Below are some highlights:
  • To our benefit our group has either completed an Ironman or is training for one.  This helped for the 11 Mile Trail Run, but we didn't want anyone to know our "true identity" and were happy none of us had Ironman apparel on.... for fear they'd be disappointed in our performance.
  • Our continued thanks (no, seriously) and comments to PJ for giving us such wonderful advice.  We cruised right along obstacle to obstacle. 
  • Electric Shock sucks
  • Yes, some of the obstacles are scary
  • Like the 15' drop into muddy water, when you scream the whole way down and can't see which way is up while you are underwater... wondering if you'll make it up for a breath in time
  • The Marines are pretty awesome throughout the course...
  • Cuz the either laugh at your expense or harass you til you fall in the water (note to self: don't ever taunt a Marine again!  I paid for it)
  • The Ice Bath sucks
  • But, it's really fun to go back to watch the Ice Bath when you've completed the Race, have a Beer in your hand and hackle the folks still on the course going into it!
  • Shirtless Josh was determined to cross the Inverted Monkey Bars and went through them twice, earning the respect of the Marines (the rest of use just didn't make it halfway and had to swam across the mote)
  • After overhearing, "She's #3", Puma's (my nickname) competitive edge came to surface and we passed the "third and second placed girls"... I have "quotes" for a reason.  They were not the "third" and "second" placed girls or maybe there were a lot of those out on the course. 
  • The Adult Slip-n-Slide is not that fun when they shoot a fire hose at your face.  It feels like someone punched you in the face
  • We couldn't understand why, as Ironmen, we could swim 2.4 miles but in The Tough Mudder duck diving under barrels in the lake wiped us out
  • Event Whore didn't fall once
  • Electric Shock cables that are 5-6' long suck even more
  • Watching Shirtless Josh barrel through the last obstacle, only to get leveled to the point of blacking out by The Electric Shock cables on the last hay barrel... scared the s**t out of the rest of us
  • I wanted to cry.
  • After several conversations with myself, a spectator interrupted and told me, "Just run really fast, it won't hurt."  To which, I asked (knowingly), "WHY?  Have you done it??!!?"  (No) "Then SHUT UP!", was my reply.
  • Ten minutes later, I ran for it.  1 millisecond later I was over the second hay barrel and shocked to my knees, scraping my elbows.  Another millisecond, I tummy crawled to the edge of the Electric Shock cables.  Proudly/Cockily displaying my pleasure of making it through by smiling slyly at everyone...
  • Only to be leveled, face first in the mud by an Electric Live Wire that swung forward and caught my buttock.  No lie.  Shirtless Josh had to drag me out.
  • The Fisherman brought up the rear, shocked to the ground as well... and the group held hands and cross the finish line together so we could grab our Beer.
Here's the thing.  I'd do it again in a heartbeat.  I felt like a 10 year old playing hard and getting dirty.... The Race was SO well organized.  They were prepared for anything.  At the 15' drop into water they had lifeguards ready to jump in with their wetsuits.  Medic tents were commonly found throughout the course.  And the Beer was great!  :)
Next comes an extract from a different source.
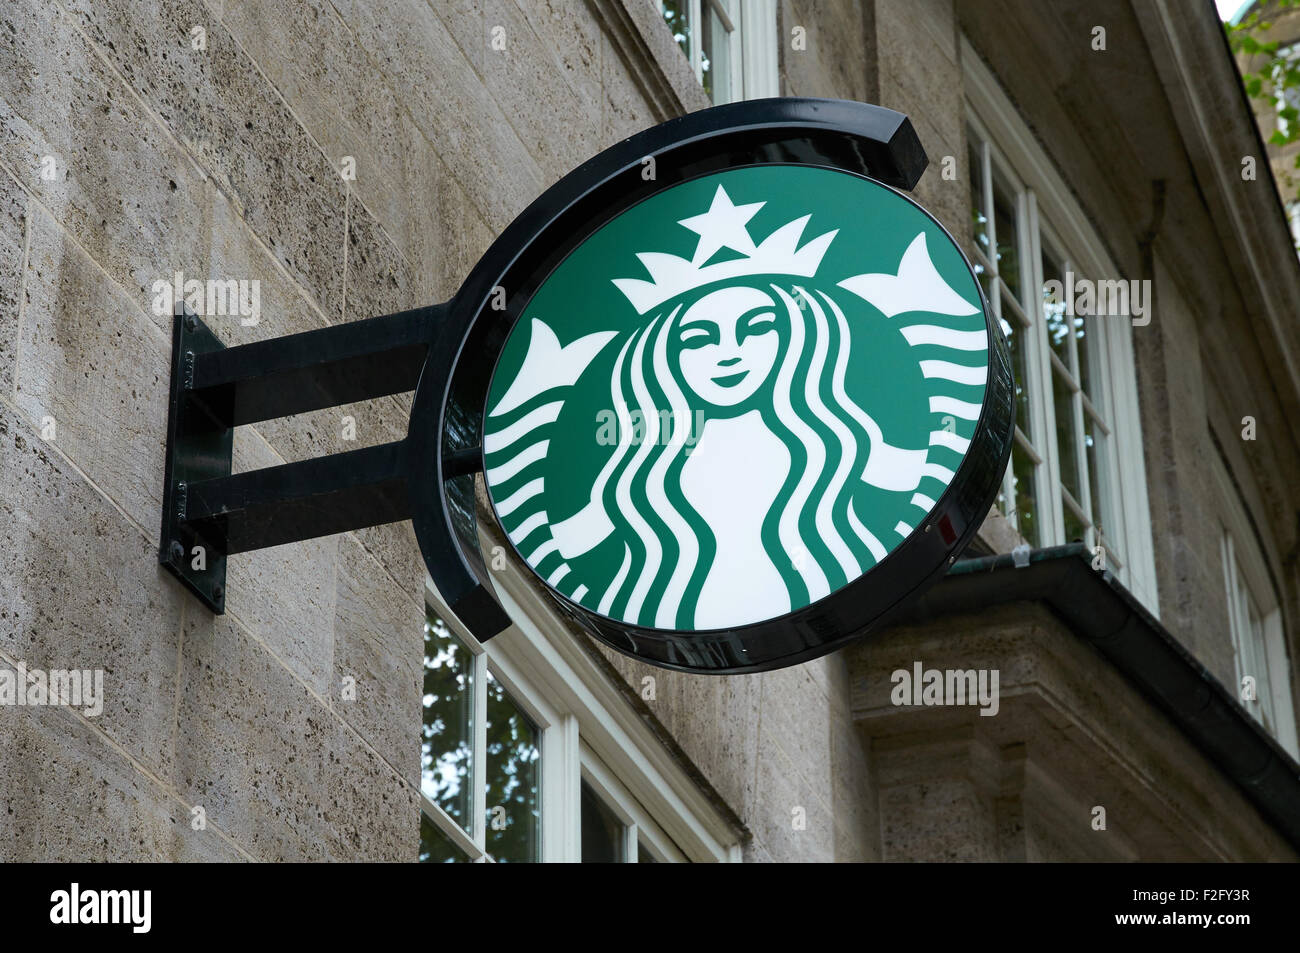 HAMBURG, GERMANY - AUGUST 14, 2015: Starbucks Coffee logo light box, Starbucks is the largest coffeehouse company in the world Stock Photo

At the end of the day, Event Whore did end up with a dislocated rib and had an allergic reaction to something (think Hitch).  We were sore for a few days, and I left for a beach vacation with scabbed up elbows and knees. 

I gave away my orange headband, but can say the memories of this crazy Race inspired me enough to break my writer's block.  And for that, I say to you... I'm sorry.

Til next time.  Hoo ya!

Comments

  1. As always, a great story Shannon! Can't wait to hear more through the season.